Walmart. Paint section. Carpet tape. Last I bought was $3.00 for 50'....I think.
Sticks good. Releases with lacquer thinner. Or, if the stock and pattern is strong enough, you can pry it apart...just barely. Tough stuff!


----------



## BigJimAK (Mar 13, 2009)

bobj3 said:


> Here's a a tip, If you put down clear tape (packing tape on the pattern/blank stock) b/4 you put double side (2" wide carpet tape) on it will come off easy and clean.
> 
> Bj


Old post but a great tip, BJ.. unless I'm the only one who's fought to get the double-stick tape off of a template. <g>


----------



## bobj3 (Jan 17, 2006)

Hi Jim

When you want to get out of the car quick you tuck and roll ,same thing for the tape 

=====



BigJimAK said:


> Old post but a great tip, BJ.. unless I'm the only one who's fought to get the double-stick tape off of a template. <g>


----------



## dermer2002 (May 29, 2010)

I use cloth type double sided tape for template attachment and to hold resawn 1/4" stock to a carrier board to sand it in my thickness sander. If the bond is not strong the part won't pass thru the sander evenly, but if the bond is too strong the thin stock will break when separated from the carrier.

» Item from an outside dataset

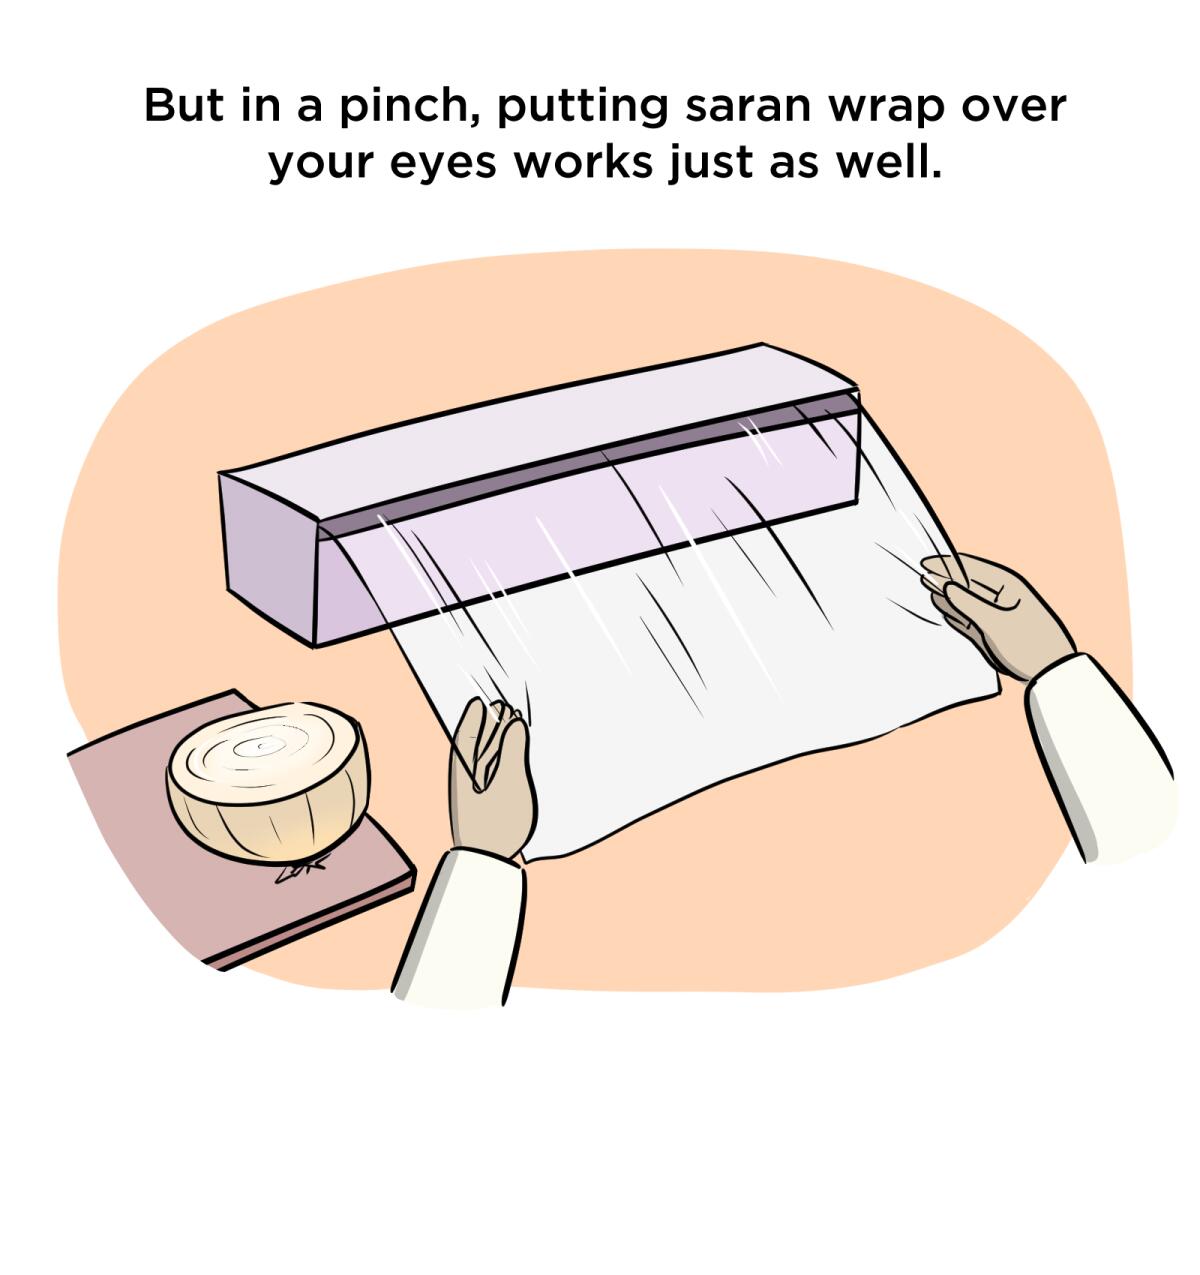 But in a pinch, putting saran wrap over your eyes works just as well.
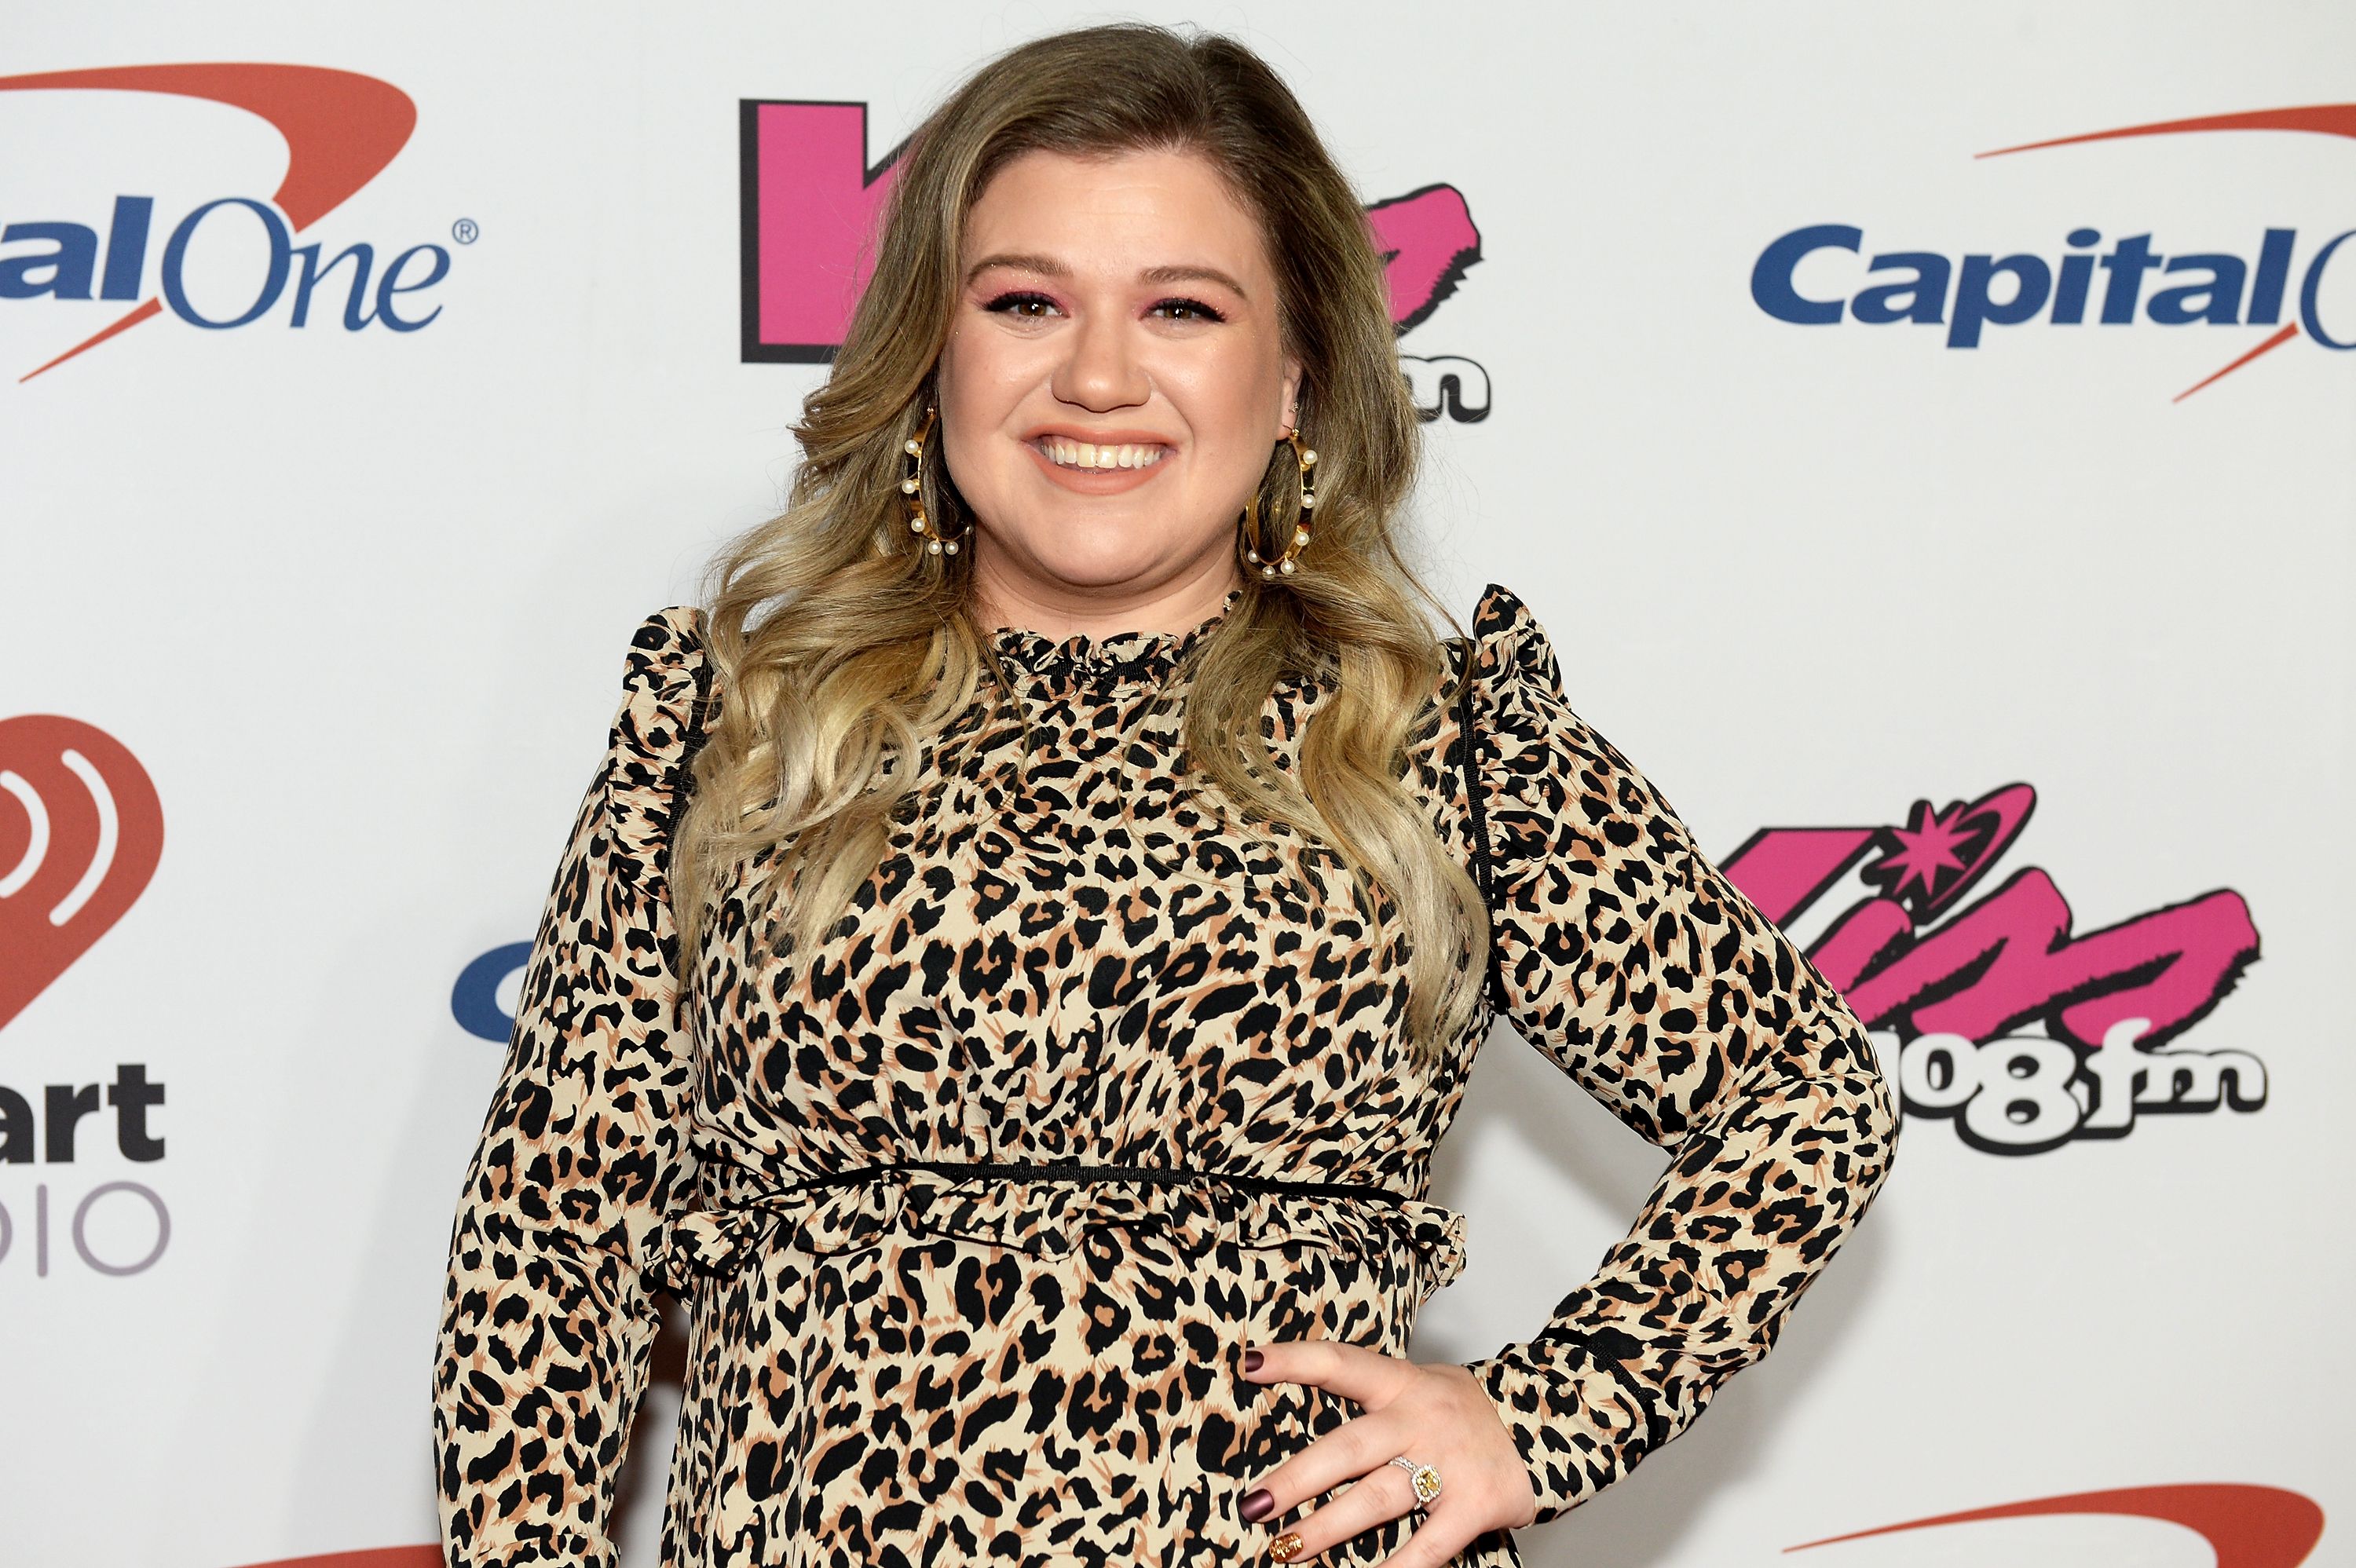 Kelly Clarkson during KISS 108's Jingle Ball 2017 presented by Capital One at TD Garden on December 10, 2017 in Boston, Mass. | Source: Getty Images

Bj is right on the money (again) with his tip to use clear packing tape under and over the double-back. This method holds the parts together well but the parts are easier to release. Slightly more expensive but pretty worry free. A 25 yd roll lasts me for months.

Here's the site I use....

Buy Double-Sided Tapes at FindTape.com


----------



## pal (Feb 13, 2008)

Just used double sided carpet tape yesterday to hold some small wooden hinges down to a backing piece so i could put them through the thicknesser worked a treat. Here in Australia you can get 2 types of carpet tape one is classed permanent the other is temporary. The temporary doesn't hold very well the permanent sticks like the brown stuff to a blanket. Both are available from Bunnings, your equivalent of Lowe's. Both made in China.

Harold


----------